Regular open sets in topology generated by regular open sets

Question

Let $Ro( \tau )$ denote the set of regular open sets of topology $\tau$. Is it possible for a set to be regular open in the topology generated by $Ro( \tau)$, but not in $\tau$? Obviously $\tau$ cannot be a regular topological space.

Answer 1

Let $\tau^\prime$ denote the topology generated by $\mathrm{Ro}(\tau)$. Note that $\tau^\prime$ is coarser than $\tau$.

I claim that $\tau$ and $\tau^\prime$ have the same regular open sets. To begin I will establish the following.

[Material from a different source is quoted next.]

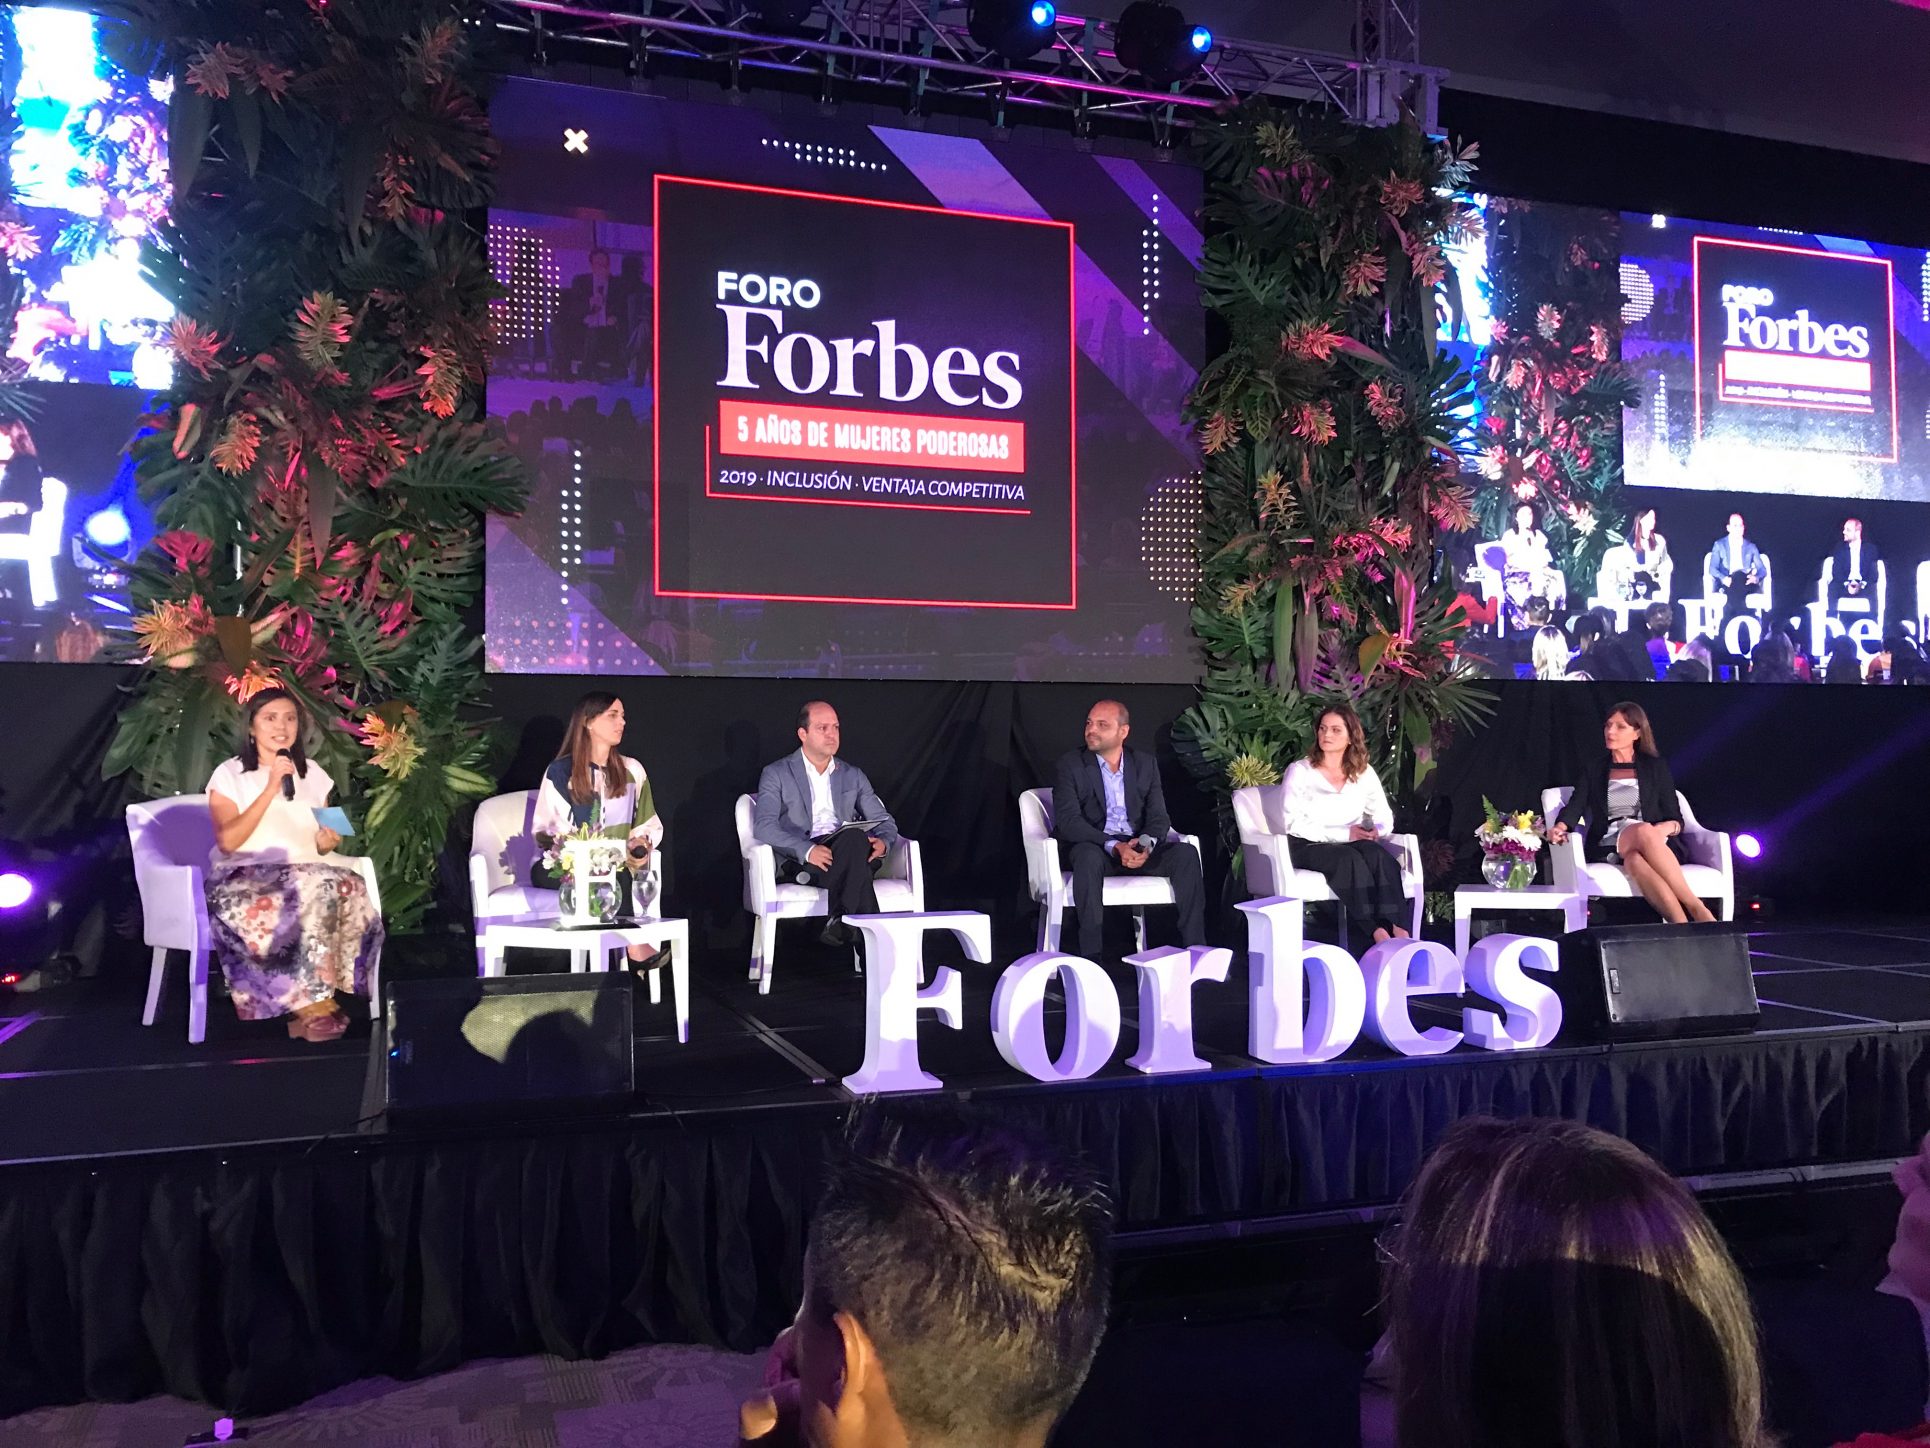 Foro Forbes “5 años de mujeres poderosas” resaltó las brechas de género que persisten en Centroamérica
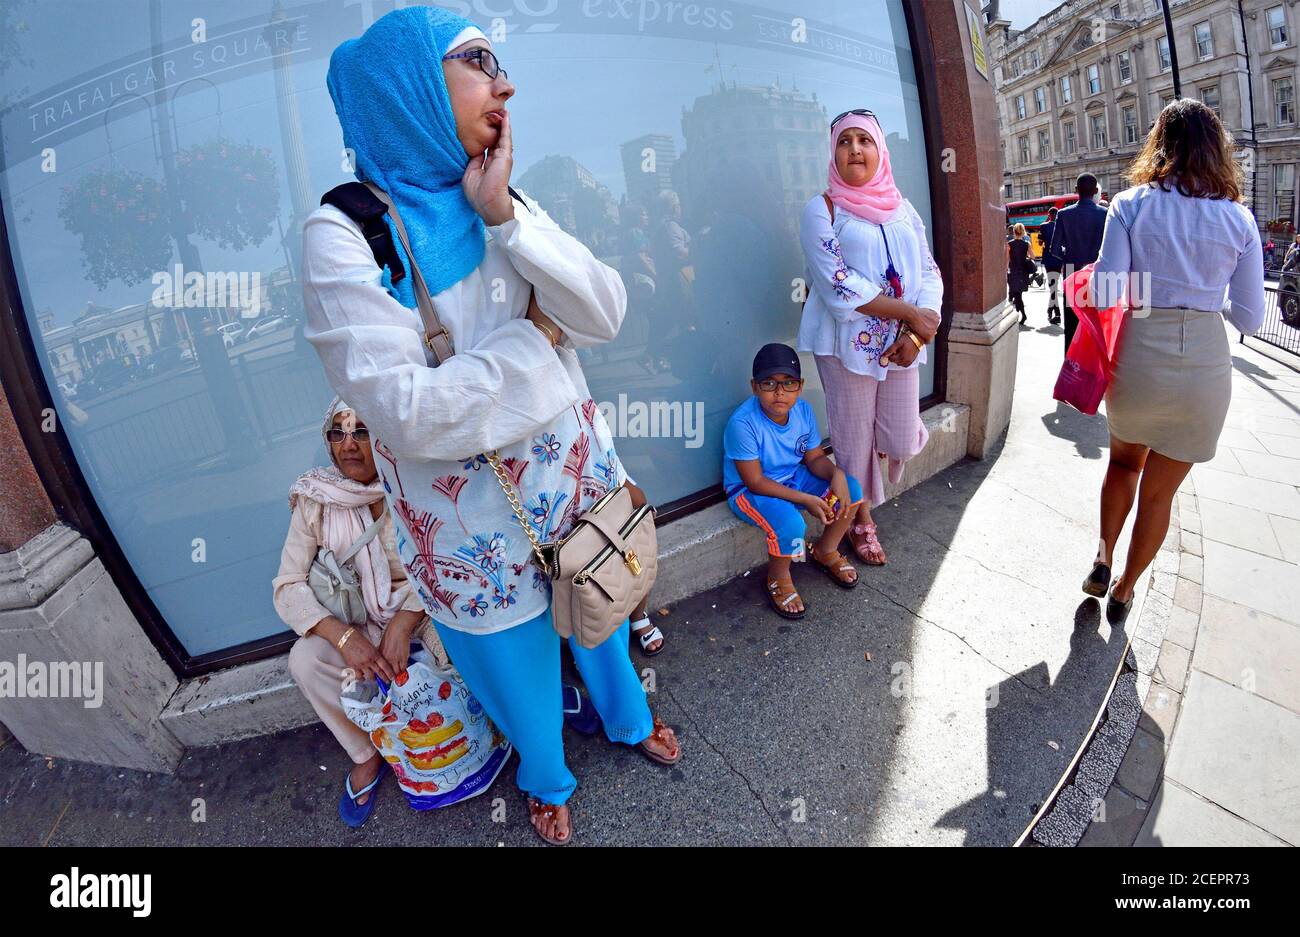 Londres, Angleterre, Royaume-Uni. Famille musulmane à l'extérieur de la boutique Tesco à Trafalgar Square Banque D'Images

Fact. If $U \subseteq X$ is $\tau^\prime$-open, then $\operatorname{cl}_{\tau} ( U ) = \operatorname{cl}_{\tau^\prime} ( U )$.

• proof of Fact. Since $\tau^\prime$ is coarser than $\tau$ we have that $\operatorname{cl}_{\tau} ( U ) \subseteq \operatorname{cl}_{\tau^\prime} ( U )$.

  Given $x \in X \setminus \operatorname{cl}_{\tau} ( U )$, then $V := X \setminus \operatorname{cl}_{\tau} ( U )$ is a $\tau$-open neighborhood of $x$ disjoint from $U$, and since $U$ is $\tau$-open it follows that $\operatorname{cl}_{\tau} ( V ) \cap U = \emptyset$, and therefore $\operatorname{Int}_\tau ( \operatorname{cl}_{\tau} ( V ) ) \cap U = \emptyset$. Note that $\operatorname{Int}_\tau ( \operatorname{cl}_{\tau} ( V ) )$ is regular open in $\tau$, and so it is $\tau^\prime$-open, and clearly $x \in \operatorname{Int}_\tau ( \operatorname{cl}_{\tau} ( V ) )$. Therefore $x \notin \operatorname{cl}_{\tau^\prime} ( U )$.

Using de Morgan's laws from this Fact it follows that for any $\tau^\prime$-closed $F \subseteq X$ we have $\operatorname{Int}_{\tau} ( F ) = \operatorname{Int}_{\tau^\prime} ( F )$.

We know prove that every regular open set in $\tau$ is regular open in $\tau^\prime$, and vice versa.

• If $U \subseteq X$ is regular open in $\tau$, then $U$ is $\tau^\prime$-open, and by the Fact and its corollary we have $$ U = \operatorname{Int}_{\tau} ( \operatorname{cl}_{\tau} ( U ) ) = \operatorname{Int}_{\tau} ( \operatorname{cl}_{\tau^\prime} ( U ) ) = \operatorname{Int}_{\tau^\prime} ( \operatorname{cl}_{\tau^\prime} ( U ) ). $$ Thus $U$ is regular open in $\tau^\prime$.

• If $U \subseteq X$ is regular open in $\tau^\prime$, then using the Fact and its corollary we have $$U = \operatorname{Int}_{\tau^\prime} ( \operatorname{cl}_{\tau^\prime} ( U ) ) = \operatorname{Int}_{\tau} ( \operatorname{cl}_{\tau^\prime} ( U ) ) = \operatorname{Int}_{\tau} ( \operatorname{cl}_{\tau} ( U ) )$$ and so $U$ is regular open in $\tau$.